Gli anni della quinta generazione di console per molti di noi coincidono con l’infanzia e, mentre crescevamo, anche il mondo dei videogiochi cercava di trovare la sua strada. Sono stati gli anni in cui dominava il Nintendo 64 e Sony faceva esordire la prima PlayStation.
In quest’era, il genere che andava per la maggiore era sicuramente quello dei platform 3D. Le grafiche tridimensionali erano una novità e le mascotte come Mario e Crash Bandicoot aiutavano ad affezionare i più giovani al marchio.
Croc: Legend of the Gobbos esce alla fine del 1997 su PlayStation e Sega Saturn. Lo studio britannico Argonaut Software aveva creato la sua mascotte, un piccolo coccodrillo verde dotato con uno zainetto sulle spalle che avrebbe esplorato un mondo di gioco interamente tridimensionale.
La cutscene iniziale stabilisce che Croc era un orfano cresciuto dai Gobbos, delle creaturine pelose che lo avevano accolto nel loro villaggio. Un giorno però il malvagio Barone Dante invade il Regno dei Gobbos e Croc dovrà trovarli tutti e liberarli dalle grinfie dei Dantini.
Si tratta di una premessa molto semplice e lineare per un videogioco che ha come target un pubblico giovane. Inoltre non sempre è necessario avere una trama complessa e contorta per regalare ai propri giocatori un’esperienza piacevole. Specialmente in quest’epoca, l’espediente narrativo doveva servire solamente a motivare il giocatore a proseguire nell’avvenutra.
Gameplay, piattaforme e controlli
Abbiamo già stabilito che Croc: Legend of the Gobbos è un platform e non si discosta per niente dai limiti del suo genere. Nel gioco sono presenti tutti i pilastri che ci si aspetterebbe da un titolo di questo tipo. Esistono quattro mondi di gioco divisi per livelli in cui il nostro protagonista dovrà saltare ostacoli e sconfiggere i perfidi Dantini per arrivare alla fine del percorso.

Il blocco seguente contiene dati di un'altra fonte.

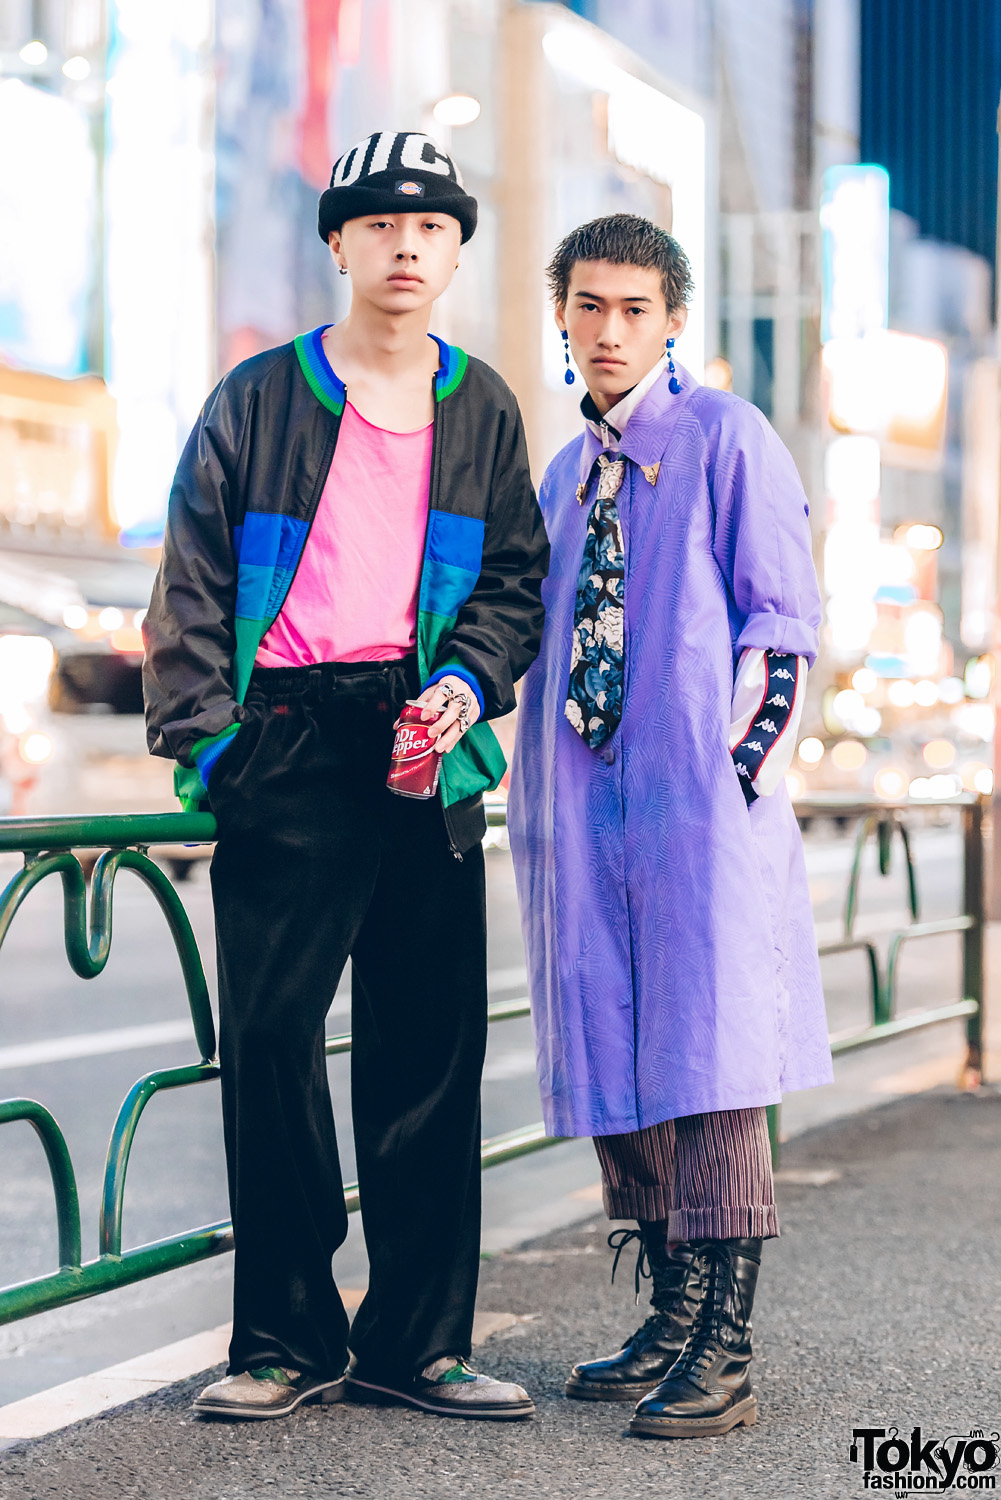 handmade clothes | Tokyo Fashion News

All’interno di ogni livello Croc dovrà raccogliere più gemme possibili, che gli permetteranno di guadagnare vite extra e lo proteggeranno dagli attacchi dei nemici. Se subiamo danno infatti, la prima conseguenza sarà quella di perdere le gemme raccolte, mentre perderemo una vita se verremo colpiti una seconda volta.
Nel corso dei vari livelli dovremo stare attenti a liberare tutti i Gobbos presenti e avremo anche il compito di raccogliere le cinque gemme colorate sparse lungo il percorso, che si permettono di liberarne uno extra.
Una volte superati tutti i livelli di un mondo di gioco dovremo affrontare un boss, dopo una cutscene che vede Barone Dante trasformare uno dei suoi scagnozzi in un nemico più temibile.
Questi sono tutti pilastri di un buon platform ma il successo di un videogioco di questo genere è determinato molto dalla qualità dei controlli. Croc: Legend of the Gobbos su questo un po’ si perde. Il coccodrillo possiede una serie di mosse molto semplici da da eseguire come il salto, che serve per arrampicarsi e saltare di piattaforma in piattaforma e il colpo di coda, utile per sconfiggere i nemici disseminati nel livello.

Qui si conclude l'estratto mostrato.